Method of propogation of mechanical waves My textbook has a chapter on Waves, focusing specifically on Mechanical ones. It says the following statement for the Transverse and Longitudinal waves.

Transverse waves only travel in a medium which opposes tensile force while longitudinal waves travel in mediums which can exert an opposing compressive force.

The book doesn't state any examples for the above statement, which confuses me. I know the basics of how waves travel, but why is opposing tensile force and compressive force necessary? I think there is some gap between what the book wants to convey and what I am understanding at my level. Any help will be greatly appreciated. If you could suggest some text for background reading, it would be even more helpful. Thanks a lot in advance!

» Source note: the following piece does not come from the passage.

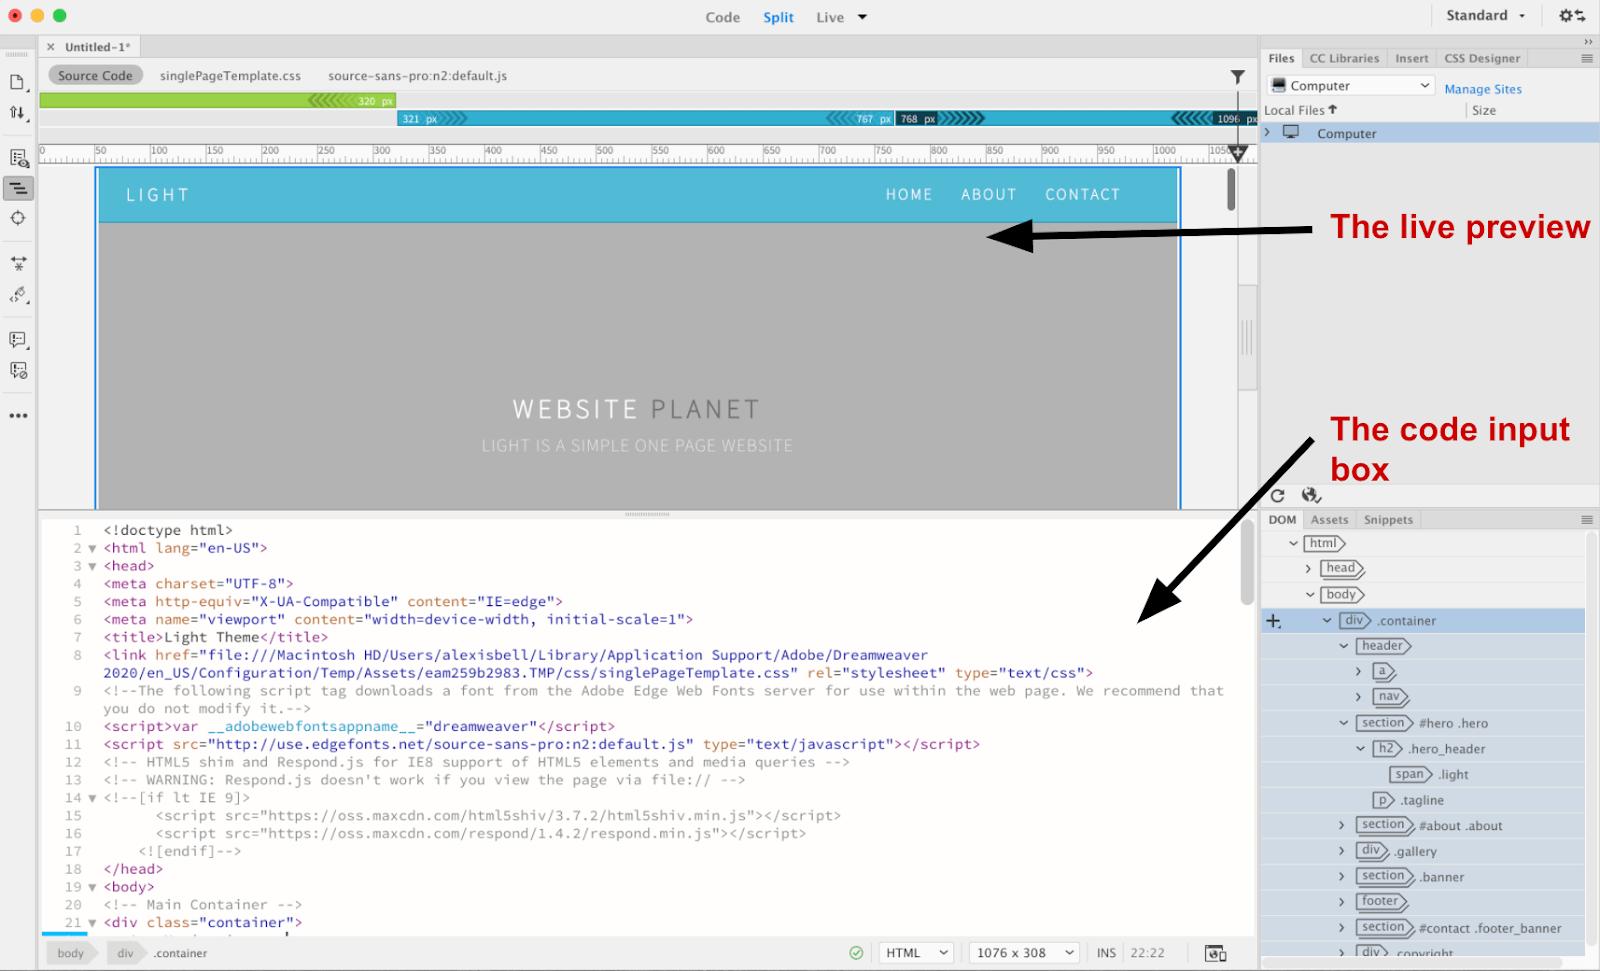 Dreamweaver dashboard - live HTML editor view

 A: The statement is poorly articulated. A more accurate statement would be "Transverse waves travel only in media with a nonzero shear modulus, whereas longitudinal waves can travel in any medium with a nonzero bulk modulus (which is every stable material)."
Since ideal fluids have no shear stiffness, no mechanism exists that can carry transverse vibration through them. (Put another way, there's no finite S-wave velocity.)
However, all stable materials resist confined compression (i.e., they have a nonzero bulk modulus, which contributes to the longitudinal modulus), and so there is a meaningful P-wave velocity.
(Possibly the author is trying to say that traverse waves can propagate only in materials with a nonzero unconfined, uniaxial tensile strength, which does exclude fluids because their  Young modulus is zero. However, the statement emerges as very confused because the nuances of tensile and compressive resistance are omitted.)
Is the revised statement consistent with your understanding of traveling waves?